So, it’s more comedic. But Torg is also a super powerful robot for a brief period of time. So, Torg says, hey, Billy, Betty, I’m here…I’m supposed to wait with you here. Betty’s jaw drops when she sees Torg. She says, what is that? Billy says, I don't know. So, Torg has…says, let’s just wait here. Then Voldar gets there first and says, Torg, no, no, no. Send big…these kids are…have been naughty and not nice. But Kimar gets there and says, I know you…I knew you’d try something. You’re very lucky, man…kids, 'cause Voldar’s no good. Go back to the ship. Then Billy goes, you Martian…right now there’s a close-up on Kimar. He looks…he does…he could easily be played by Bryan Cranston, and we know Bryan Cranston has that range from all the way…not only all the films and Breaking Bad, but all the way back to Malcolm in the Middle, the rollerskating episode.
Then Torg…Voldar says, the danger…or somebody says, the danger grows with every minute. I say, really? So, that’s a interesting thing to say. I didn’t know…so, and then Voldar’s constantly going…and Kimar says, we’re not here to cause any harm other than taking their Santa Claus. We’re not here to cause any harm. It’s too far afield for Voldar. He says, Santa Claus, toys, and games, and whatever. Then he says, Torg, follow me. Let’s go to Santa’s workshop and we’ll have Torg go in and retrieve Santa. So, then they’re outside of Santa’s workshop. He goes, Torg, go in and get Santa. So, Torg goes through the door, and this is where it gets interesting because this is where we see what’s going on with Winky, 'cause he tries to stop Torg, and then Santa says…laughs. He says…he has short sleeves.
He says, that’s the biggest toy I’ve ever seen. Well-made, at that. Torg recognizes…I guess the irony would be that Torg is recognizing their maker, so that at some point when these timelines crossed…so, this could all be Santa’s fault in some way…would be a interesting place to take it, right? Because Torg instantly recognizes Santa and kind of shut down. I’m imagining Torg was purring with a satisfactory thing. So, I don't know. Winky’s involved in this, but maybe that’s what Winky realized. Or maybe Winky sent Torg…I don't know. I mean, it would be interesting too, 'cause the elves are not…so, we don’t know the…there’s different movies about Santa’s elven…how that happened. But this could be interesting if we have the elves, the Martians, and we get into the elves of the fantasy realms.

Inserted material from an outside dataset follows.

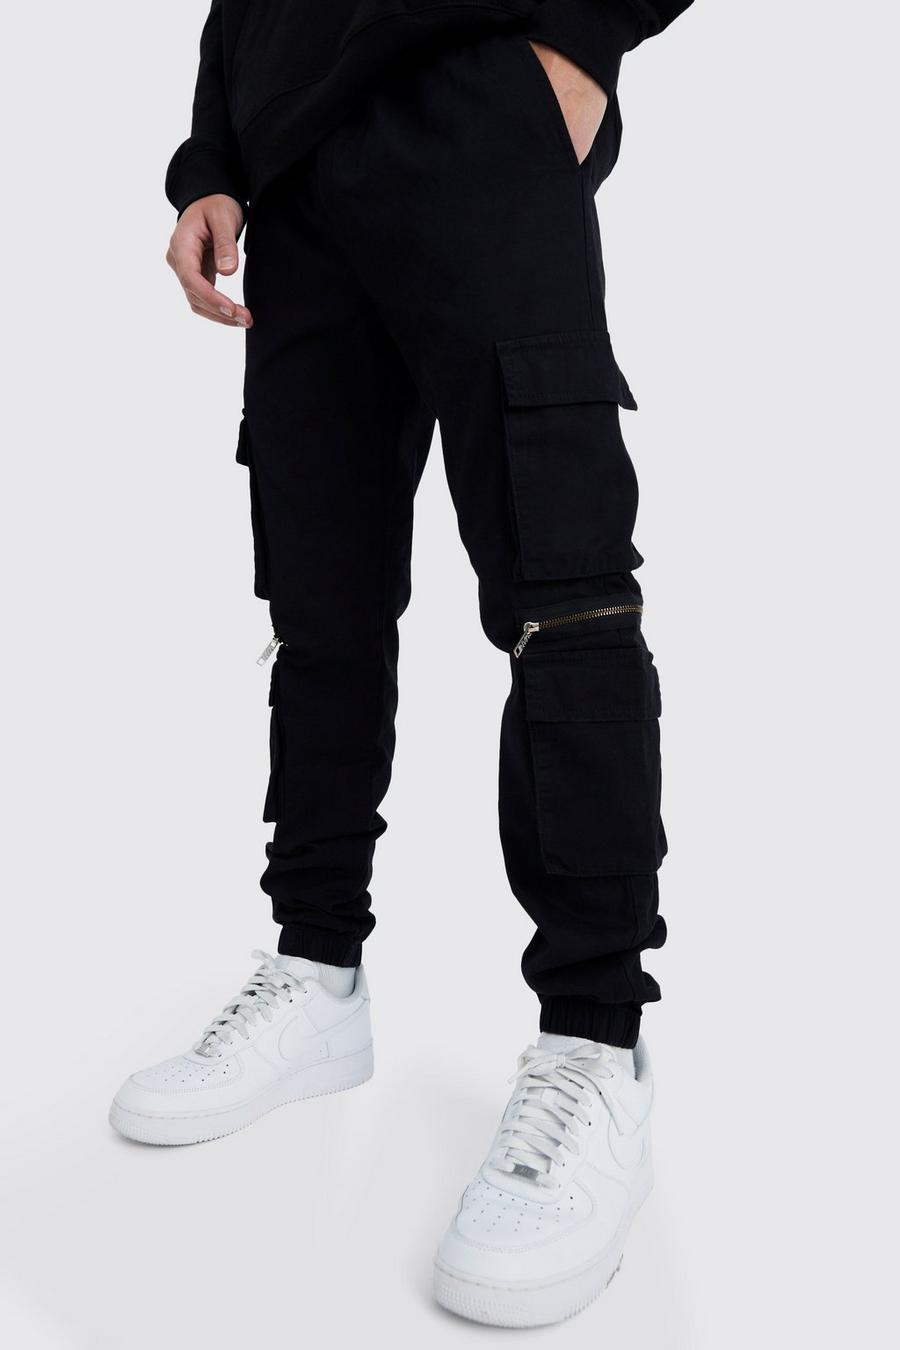 Black Elastic Waist Multi Pocket Zip Cargo Pants

You say, okay…yeah, how did they end up working for Santa Claus? ‘Cause I thought they were kind of a people removed from humans and they liked to be on their own. How are the Martians involved and how is Torg involved? So, all interesting. I mean, I think it would probably work best as a future timeline thing, 'cause of the time across…I don't know. You say, this is what we end up like? Well, okay…I don't know. But Billy…I love…I’m watching. He says, you Martian. So, I don't know what year Planet of the…the Charlton Heston Planet…came out, but…yeah. Alright, so, Santa…anyway, Santa’s talking to Torg, shut down Torg, so then…and then Kimar and Voldar go in. Immediately Winky says, those are Martians. He goes, you can’t take…now, he says this very clearly.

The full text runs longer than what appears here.